Я обычно обедаю часов в 12 дня. В тот день была занята на веранде, сидела, писала письма. В половине 12-го пошла на кухню приготовить себе что-нибудь поесть. Придя на кухню, постояла, подумала, и решила вернуться на веранду, дописать начатое письмо, чтобы не потерять ход мыслей: «Допишу, потом уж и поем». Когда я пришла на кухню во второй раз, наверное, уже было около половины первого. Открыла дверь – и ахнула! По всей кухне, даже до самой двери на полу штукатурка, известь, глина, кусками и глыбами и россыпью, сухая и мокрая! И на столах, и всюду! Посмотрела вверх на потолок: оказывается, над столом, где обычно я сижу, как раз над моей головой, обвалился потолок, и именно в то время, когда я обедаю, сидя здесь! Вот бы это всё обрушилось на мою голову, не уйди я дописывать своё начатое письмо! Если бы и не сразу насмерть, то уж и жить бы после такого удара осталось недолго, и конечно, в ужасных страданиях: ну-ка, по голове! Испугалась ли? Обрадовалась ли, что помиловал Господь, и осталась жива? Скорее, растерялась… Что нас ждёт каждую минуту… Как жизнь непрочна, полна неожиданностей, готова оборваться каждую минуту… Не на дороге в транспортной катастрофе, не в самолёте или на реке, не ещё где-либо в местах повышенной опасности, а у себя дома, в тихом мирном состоянии, за трапезой… Вот как надо быть всегда готовой к смерти. Видно, не настал ещё час мой, видно умолила Господа мамочка моя, вспомнились её слова: «Нет, Оля пусть живёт, чтобы молилась за нас», - сказанные сердобольным соседкам в ответ на их пожелания, когда мама уж поговаривала о своём близком конце: «Ты бы сначала Олю похоронила, а потом уж сама умирать, а то на кого её оставишь?» Стараюсь, конечно, выполнять это мамино определение – пожелание. Смогу ли?

 

Из времён войны, когда жизнь каждого, как говорится, «висела на волоске», когда смерть поджидала на каждом шагу (я уже говорила, что целый почти год жили на прифронтовой полосе под Ленинградом – г. Павловск) - особенно видна, особенно чувствуется Рука Божия, защищающая, охраняющая, спасающая. Вспоминается несколько случаев.

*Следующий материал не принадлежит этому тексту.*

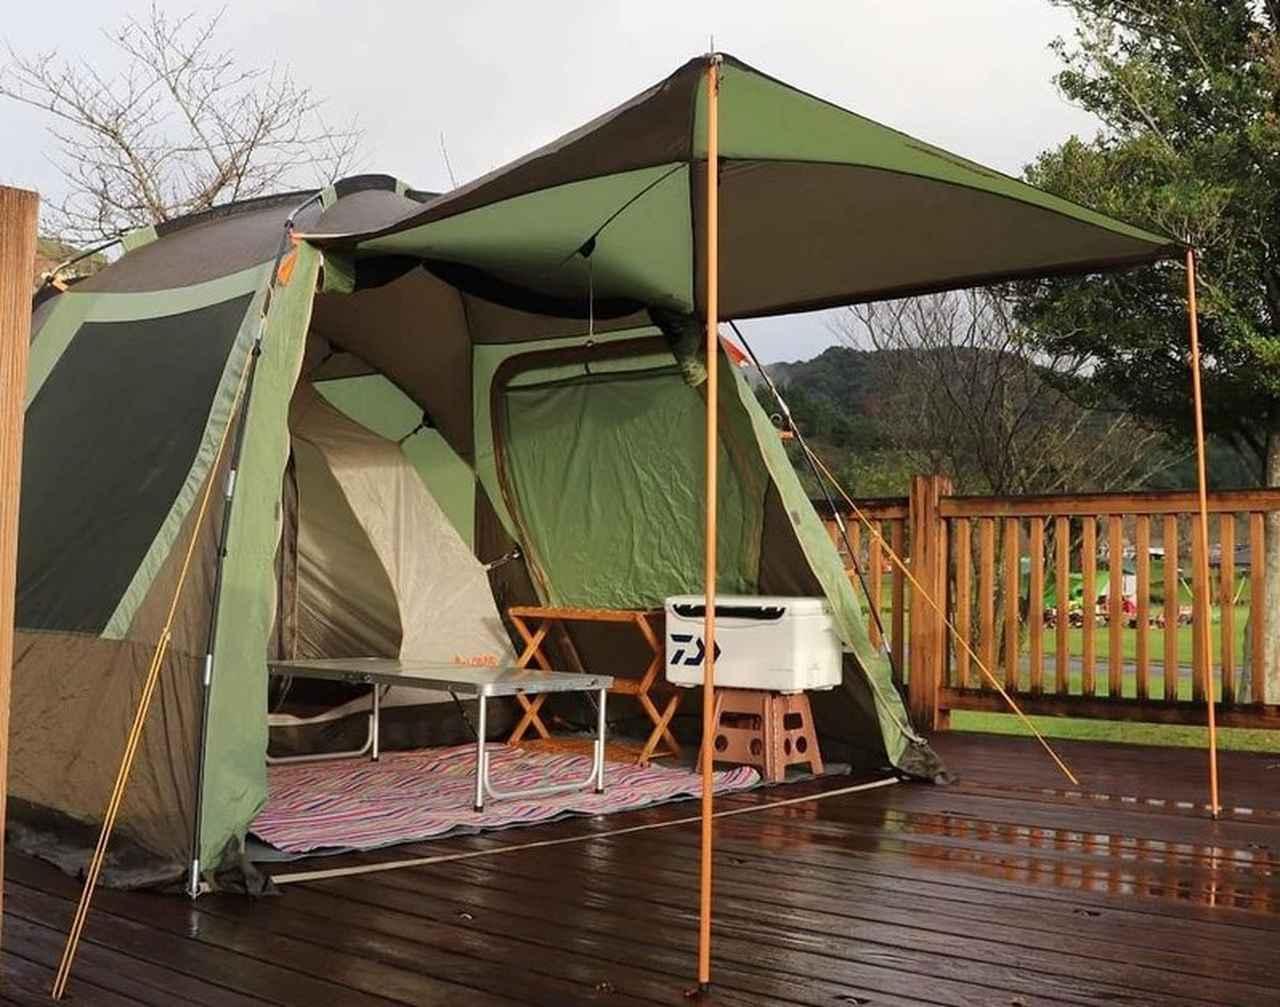 【まとめ】雨キャンプの楽しみ方&レインウェアや雨対策グッズを一挙ご紹介!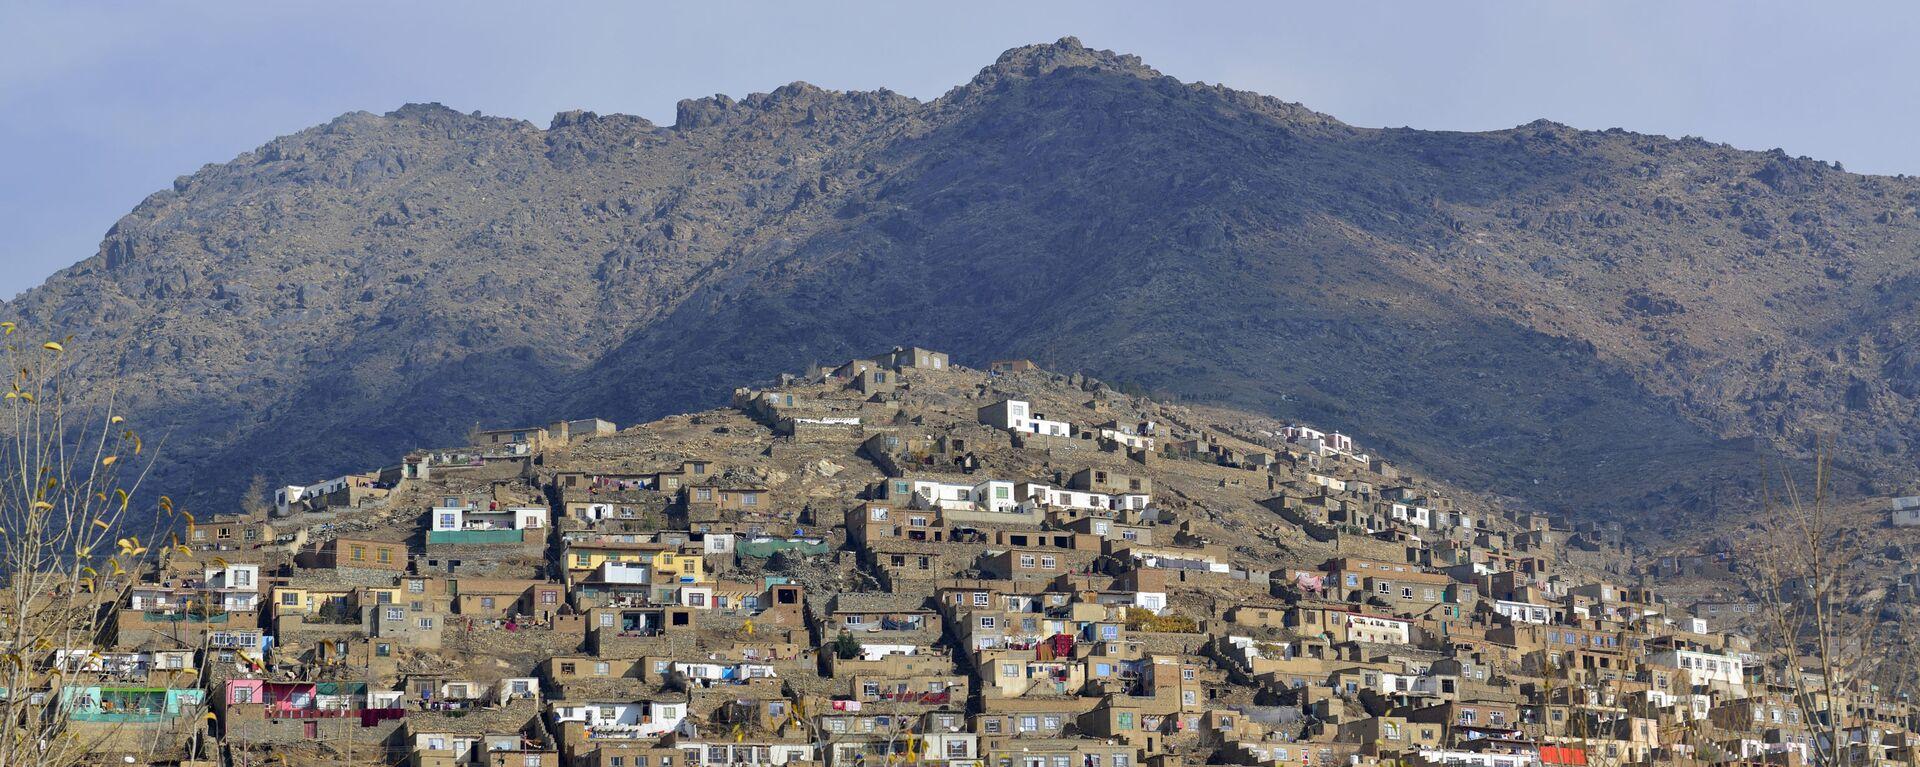 Кабул, архивное фото - Sputnik Таджикистан, 1920, 06.07.2021

Перед самым приходом немцев, когда участились артиллерийские обстрелы, напуганные жители, боясь пожаров и снарядов, стали рыть себе окопы, чтобы не ночевать дома. Выкопали и мы, наша семья, себе такой окоп. Как будто эта яма, в метр глубиной, походившая скорее на могилу, чем на убежище или жилище, могла спасти от всесокрушающих бомб и снарядов. Да, в земле, в яме этой, было менее слышно, глухо как-то, она была покрыта накатом брёвнышек и забросана землёй. Была дверь – крышка, была труба для воздуха. И всё. Сидели в этой яме – окопе на чемоданах и узлах, тесно прижавшись друг к другу. Вот и все «удобства». И так каждую ночь. Днём выходили оттуда, особенно если было тихо. А вечером, поевши дома, у кого что есть, отправлялись всей семьёй в своё «спасительное» убежище. Так «спасались», может быть, недели две, точно уж не помню. И вот однажды, - это говорит папа – «Оля стала просить и говорить, что, мол, давайте ночку одну переночуем дома, на своих постелях, хоть ноги вытянем по-человечески». И все согласились. Случай этот хорошо помню, и общее решение – согласие тоже помню. А вот слова, кто первый это предложил, позабылось у меня, говорю их со слов папы. На свой счет их не отношу, да не так уж это и важно, кто сказал их первый. Остались ночевать в доме. А утром пошли в своё «убежище», а там всё разворочено: снаряд попал как раз в наш окоп!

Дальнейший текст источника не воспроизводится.